Elections in Africa in 2021 – Africa Center for Strategic Studies
Parliamentary elections, June 5
Perhaps Africa‘s most significant election in 2021 will be when Ethiopians go to the polls in June. Parliament has delayed the elections, originally scheduled for August 2020, due to the COVID-19 pandemic. The decision by the Tigrayan leaders to hold provincial elections in September sparked a confrontation with the federal government that escalated into a full-blown armed conflict in November. The unresolved implications of the fighting in Tigray cast a shadow over and underscore the fragility of Ethiopia’s nascent electoral process.
The vote in Ethiopia would be the country’s first truly competitive multi-party elections – a historic moment for the country of 100 million people. This democratic openness was created by Prime Minister Abiy Ahmed, who, after taking over as prime minister in April 2018, opened up Ethiopia’s once tightly controlled political system. Elections therefore present an opportunity for participation and popular representation that Ethiopians have long been denied during decades of successive authoritarian governments.
“A strategic subtext to the Ethiopian election is to find an appropriate balance of power sharing between the regions and the federal government.”
This legacy of authoritarianism and the lack of democratic precedents add greatly to the complexity of these elections. Building democracy is more than a one-off event, but will require building a democratic culture, a multi-year effort. Realizing this, Ethiopia’s 2021 electoral process faces multiple treacherous challenges simultaneously, each of which would constitute a major obstacle in and of itself.

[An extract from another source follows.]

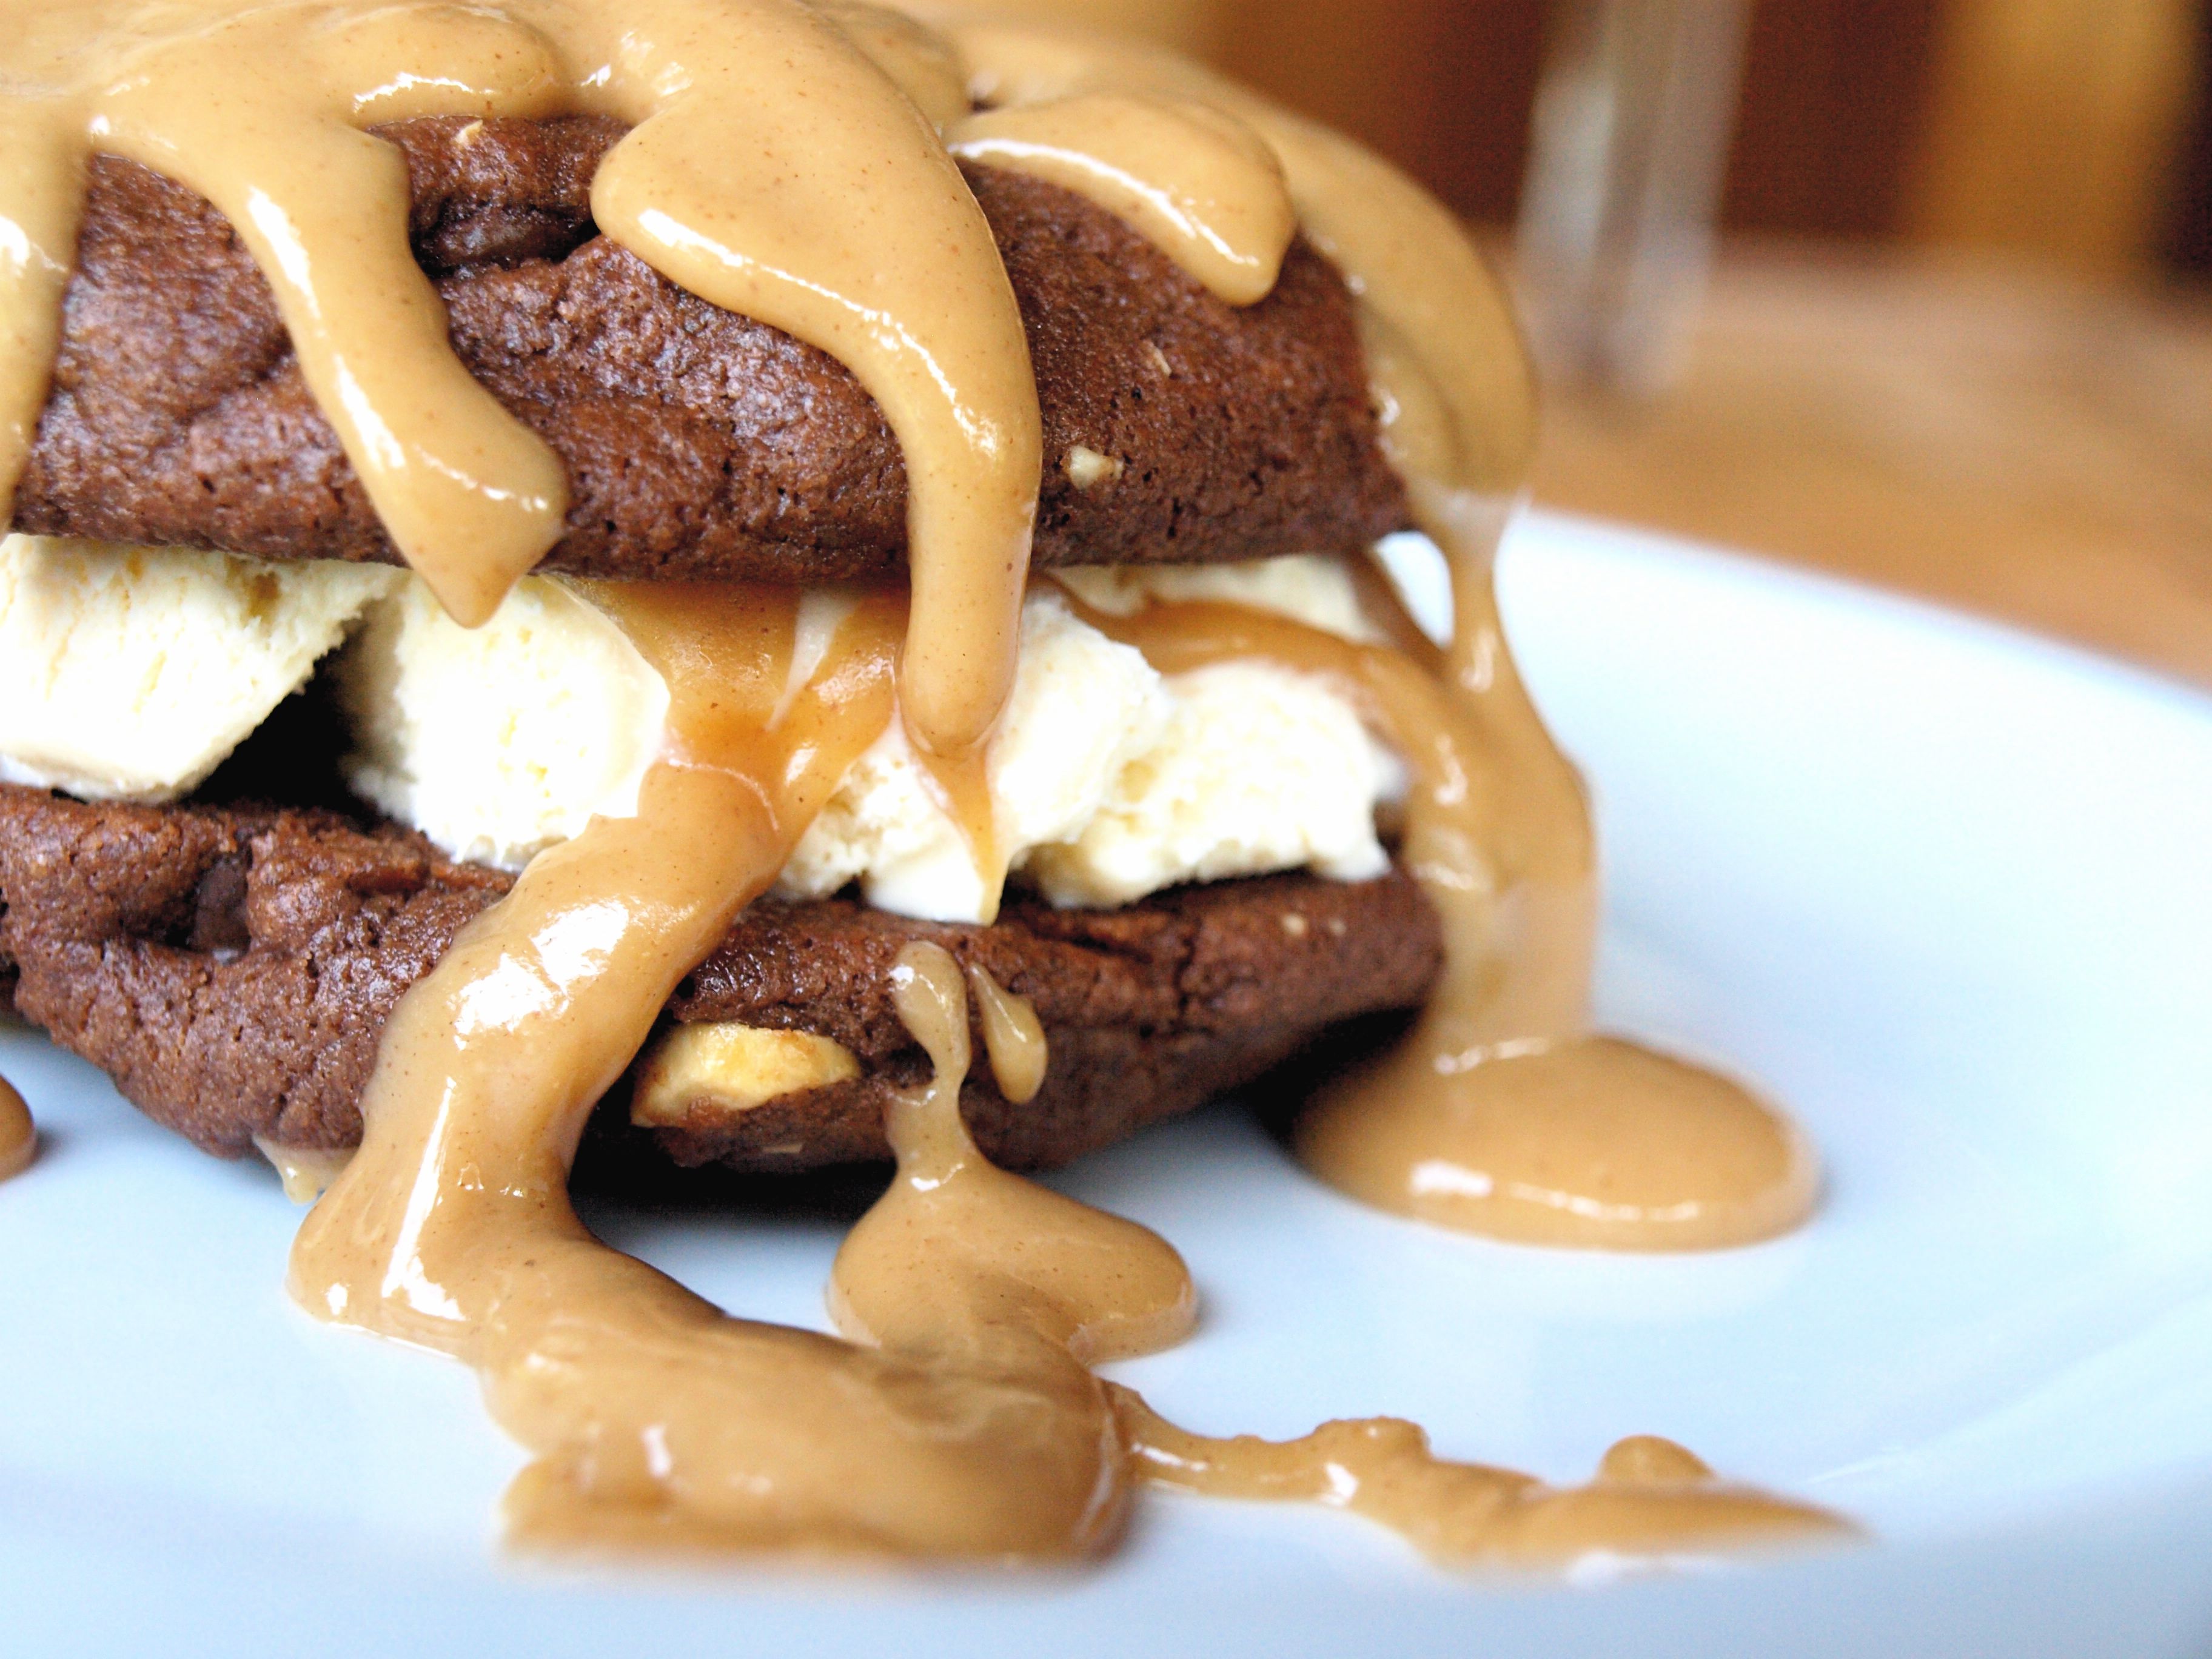 Peanut Butter Drenched Ice Cream Sandwiches

The key among these is to ensure the integrity of the process. Given the years of authoritarian rule, coupled with uncertainty and fears of exclusion, the Ethiopian election begins with a high level of mistrust. Birtukan Mideksa, a former opposition leader in exile, heads the National Electoral Council of Ethiopia (NEBE), offering a welcome sign of reassurance to suspicious opposition parties. More than in other contexts, it will be essential for the NEBE to keep all parties well informed, apply the rules impartially, welcome independent election observers and maintain a transparent vote counting process.

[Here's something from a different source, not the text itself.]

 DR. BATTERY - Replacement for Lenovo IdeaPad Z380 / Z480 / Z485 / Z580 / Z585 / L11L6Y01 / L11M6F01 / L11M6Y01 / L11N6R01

Maintaining the free flow of information is also essential for the integrity of the process. Ethiopia has a reputation for regularly shutting down the internet, especially during politically sensitive times. Likewise, the government instituted a strict media ban during the Tigray conflict, creating an information chasm and fueling a myriad of rumors about what was going on. Without integrity, the electoral process will lose the benefit of legitimacy it is supposed to produce and, on the contrary, could be a destabilizing event.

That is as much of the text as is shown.